The increasingly pressing situation of Planet Earth poses urgent ethical questions for Christians. But, as Cynthia Moe-Lobeda argues, the future of the earth is not simply a matter of protecting species and habitats but of rethinking the very meaning of Christian ethics. The earth crisis cannot be understood apart from the larger human crisis—economic equity, social values, and human purpose are bound up with the planet’s survival. In a sense, she says, the whole earth is a moral community.

Reorienting Christian ethics from its usual anthropocentrism to an ecocentrism entails a new framework that Moe-Lobeda lays out in her first chapters, culminating in a creative rethinking of how it is that we understand morally. With this “moral epistemology” in place, she unfolds her notion of “moral vision” and applies it to the present situation in a full-fledged earth-honoring, justice-seeking Christian ethical stance.

Cynthia Moe-Lobeda has lectured or consulted in Africa, Asia, Europe, Latin America, and many parts of North America in theology and matters of climate justice, economic justice, environmental racism, economic globalization, moral agency, public church, and eco-feminist theology.
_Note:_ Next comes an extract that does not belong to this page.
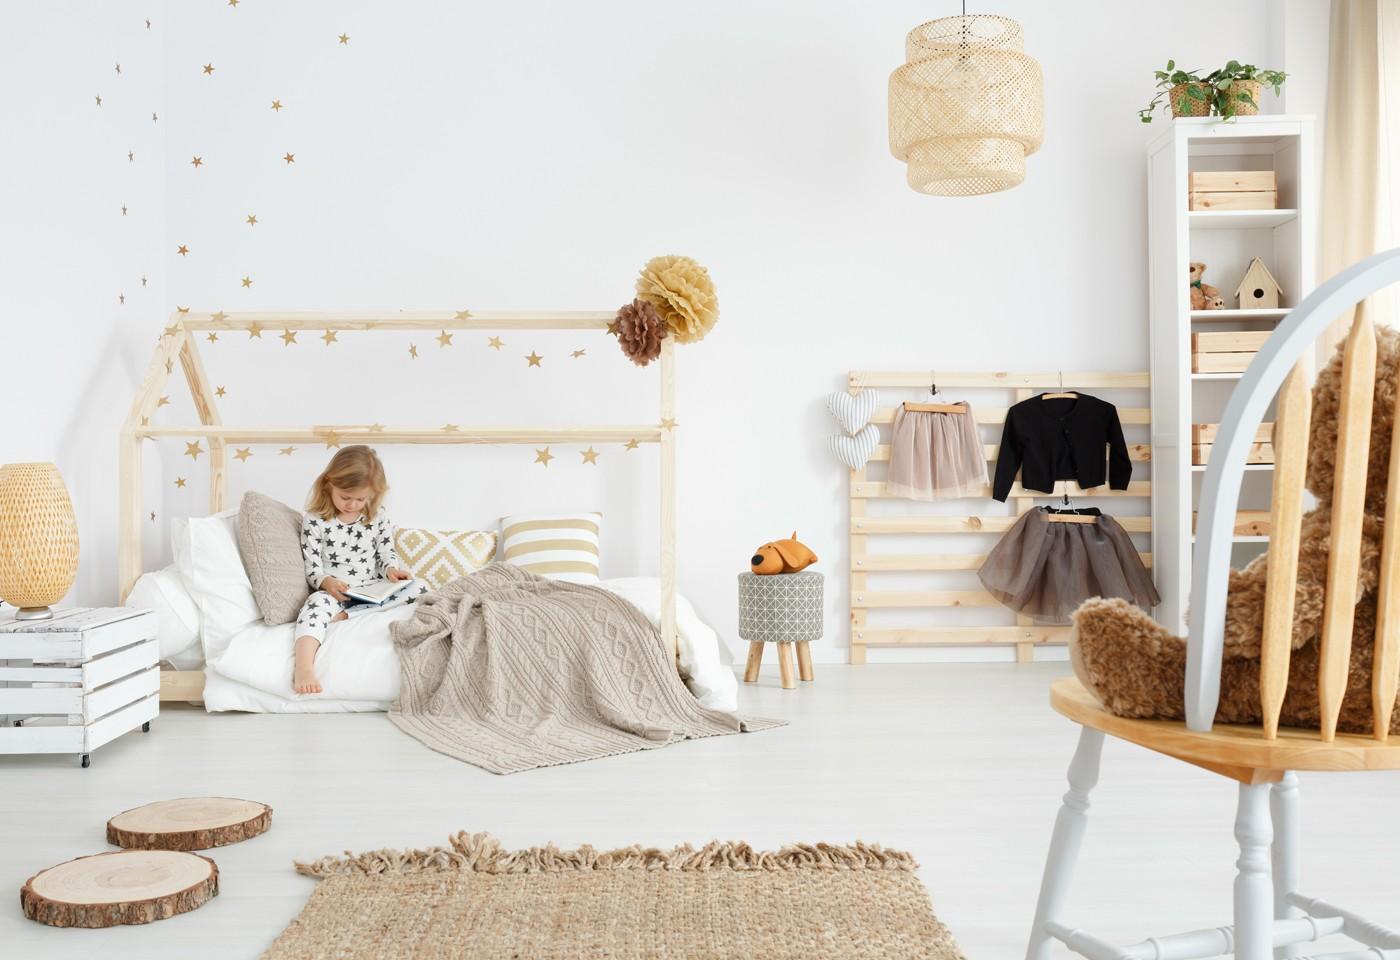 Casa total white per un look minimal chic for Casa minimal chic

She is author of Healing a Broken World: Globalization and God (Fortress, 2002), Public Church: For the Life of the World(Fortress, 2004), and numerous articles and chapters. She is co-author of The Bible and Ethics: A New Conversation (Fortress, 20187), Francis and the Foolishness of God (Orbis, 1993), and Say to this Mountain: Mark’s Story of Discipleship (Orbis, 1996). Cynthia is a member of the Eco-Reformation Speakers Bureau.